In a country of hawks and doves, it seems fitting that the bird metaphor should continue in the consensus description of the Israeli prime minister as a lame duck. Deeply unpopular for some time, pure kismet has kept Ehud Olmert hanging on to his seat, as alleged corruption charges came hot on the heels of a damning indictment of his handling of the second Lebanon war. Jaded Israelis saw him as the latest in a long line of corrupt leaders. Palestinians, meanwhile, were equally cynical of what they perceived to be yet another pretend negotiator who took the facade of a peace process nowhere, and slowly. The continued existence of around 600 Israeli checkpoints or barriers in the West Bank, a commitment to expanding Israeli settlements, especially around Jerusalem, and the recently declared intent to create a new settlement all fly in the face of supposed commitment to the peace process.
Olmert has said he will step down, but it is doubtful a new leader will be much better, at a time when Israel needs political continuity perhaps more than anything else. Neither of the two contenders for Olmert’s role as Kadima party leader sparkles in the way that is so desperately needed. Tzipi Livni, closely involved on the noncore level of the current peace negotiations, is seen as a centrist and is popular with the Israeli public — among whom she has a clean, or at least not-yet-corrupted, image. But commentators have speculated that she does not “get” the pressing interest to make peace. Olmert may not fully get it either, but he is further along the road and it may take Livni months to catch up. Shaul Mofaz, meanwhile, has made clear his hawkish intentions, with his battle cries in the Iranian direction and the talk of the need to create “realistic expectations”, which tragically translates as taking a hard line on the Palestinian issue.
On the surface, it looks as though the impending Kadima primaries mimic those of the American Democrats, in that they will present a choice between a female and an “ethnic” vote — Mofaz is of Iranian origin. But neither candidate is going to play on those screens: Livni was accused of not being “feminist enough” by women’s rights groups last year, while Mofaz has never made the historically neglected needs of Israel’s oriental Jewish population an issue.
Officially, the Palestinian line is that Israeli elections are an internal matter, and that peace negotiations are about a process, not a person. But there is clearly a wary eye on what will happen if Israeli elections are called in March, as they will be if Olmert’s leadership successor is unable to assemble a new coalition government. Then, Olmert could stay in office until the election. But a real concern is that, just as in the past, everything will stalemate as the Palestinian issue turns into a political football during the election campaign.
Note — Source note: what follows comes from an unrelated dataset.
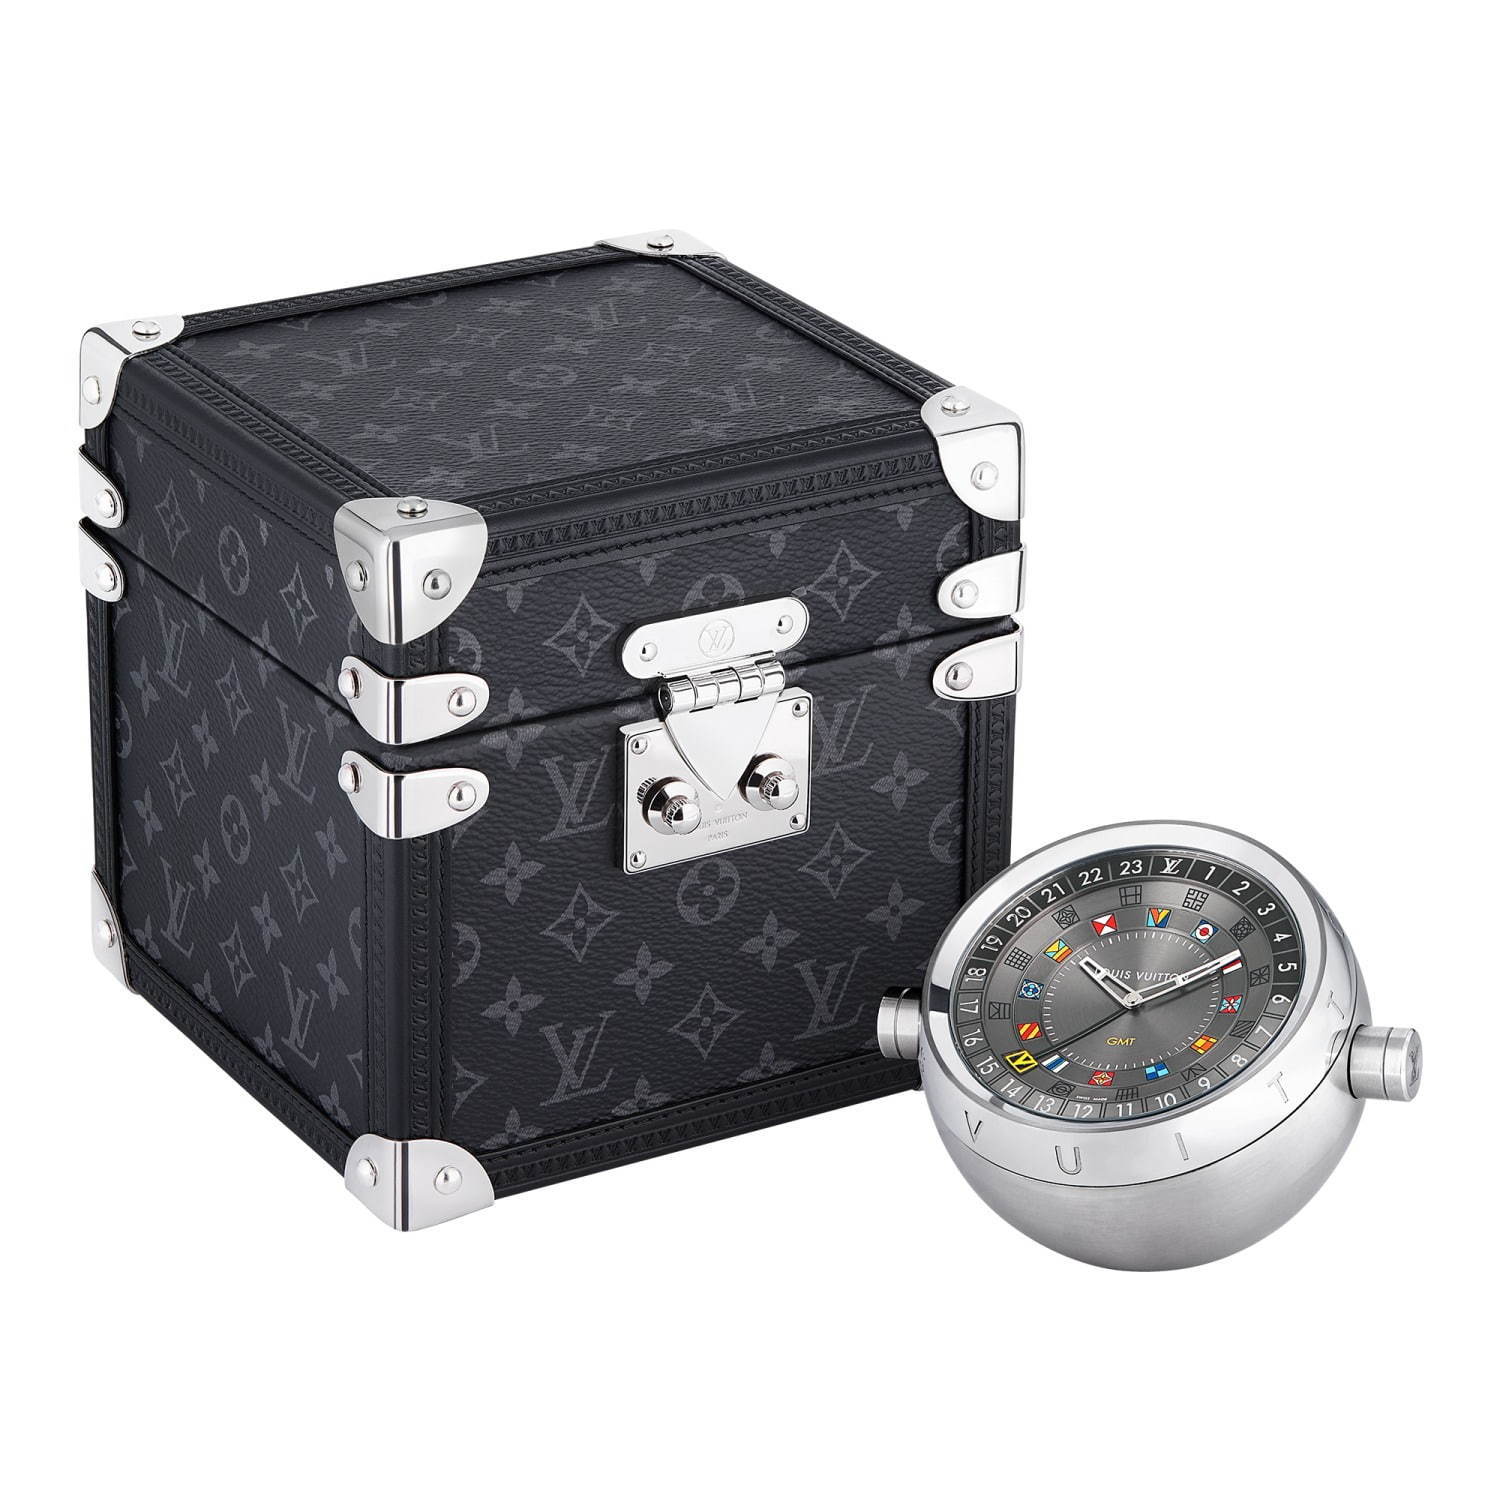 ルイ・ヴィトン新作テーブルクロック、カラフル“フラッグ”を配した時計

Then, Likud and rightist Kadima candidates will play populist by trumping on the Jerusalem card: United and Israeli. Such electioneering will likely tear apart any fragile trust that is still attached to the process.
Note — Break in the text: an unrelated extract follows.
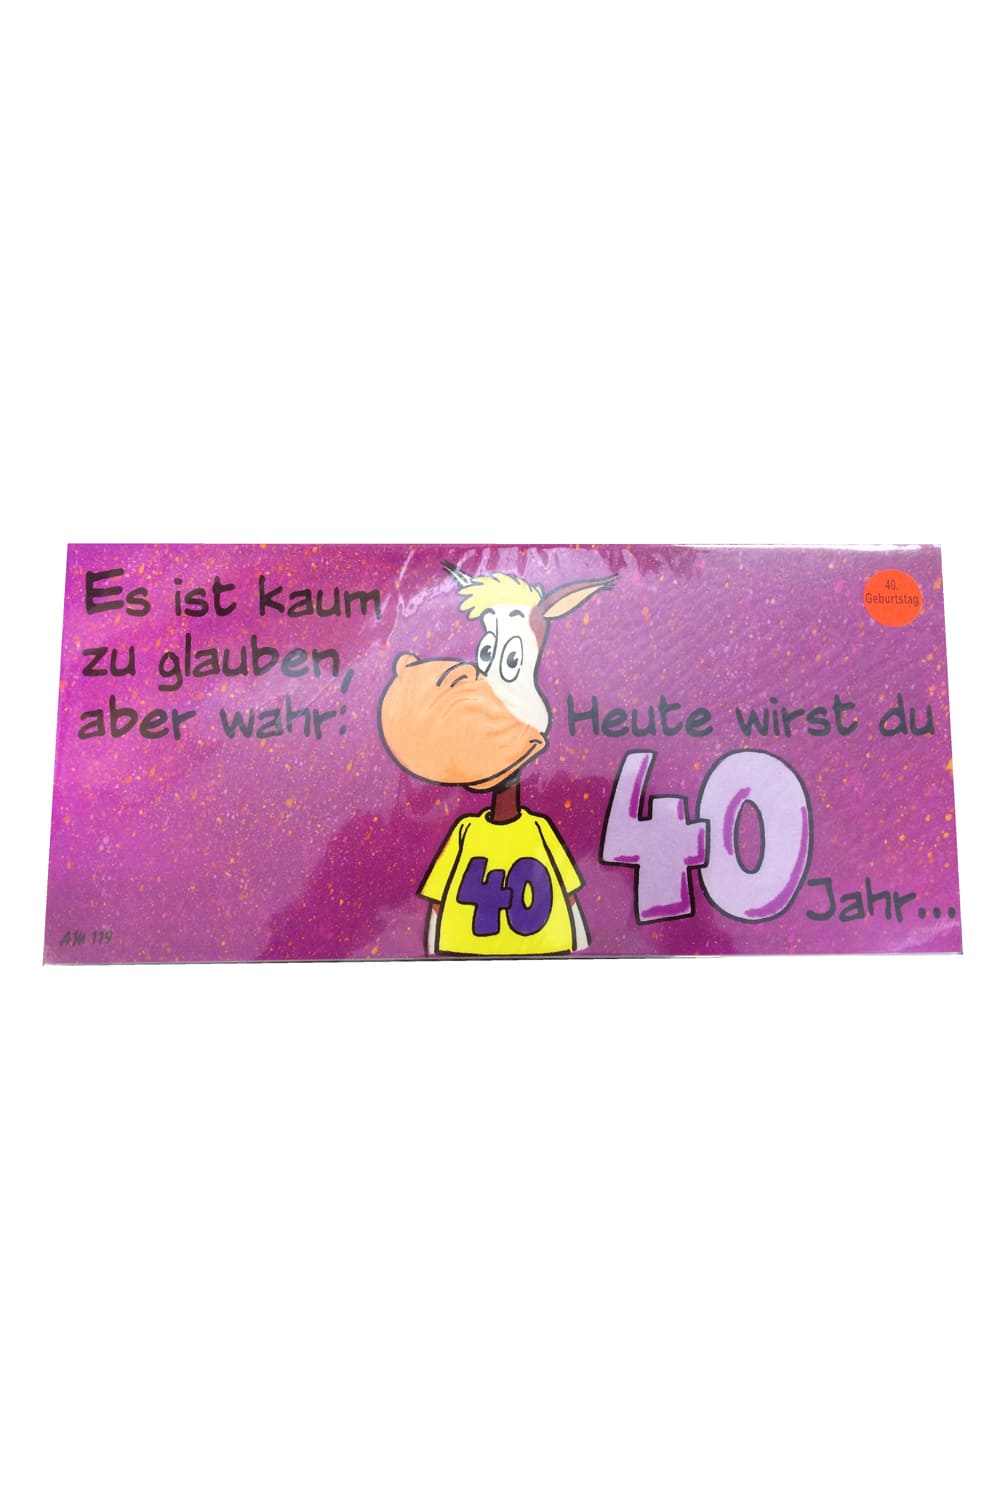 40. Geburtstag Glueckwunschkarte A3 mit Sprüche und einem Esel und die Zahl 40. Tolle Geburtstagskarte. Es ist kaum zu glauben, aber wahr: Heute wirst du 40 Jahr.

Such a campaigning style would not bode well for Jerusalem’s Arab-Israeli residents, who might become emblems of how better to defend Israel against the sort of deadly attacks the city was victim to in the last few months. In all three attacks, the perpetrators were Arab Jerusalemites. Rather than build bridges and bolster the rights of this blatantly neglected community, a hawkish leader might deem it more appropriate to destroy more of their homes and tear up their work permits.
But others see hope in this morass of uncertainty, pointing to Olmert’s resignation speech, during which his voice gained emotion when he spoke of continuing the peace process. “As long as I remain at my post I will not stop trying to continue to bring the negotiations between us and our neighbours to a successful conclusion that embodies hope,” the resigning leader said. Some take that to cue a theory that, on both the Palestinian and the recently declared Syrian negotiation track, Olmert can now go hell for leather.
Some observers point out that Barak did something similar by negotiating at Taba a few weeks before an Israeli general election. For Olmert, success would still depend on the willingness of Labor and Kadima allies to stand by him and effectively enable him to leave a legacy that might make Israelis — and Palestinians — forgive the rest. But by this analysis, Palestinian and Syrian partners on these parallel peace tracks should race with Olmert to get final status agreements on paper in the few remaining weeks of his premiership. It’s a small, rickety and bullet-ridden window, but in a few months it might well be replaced by an impenetrable concrete wall.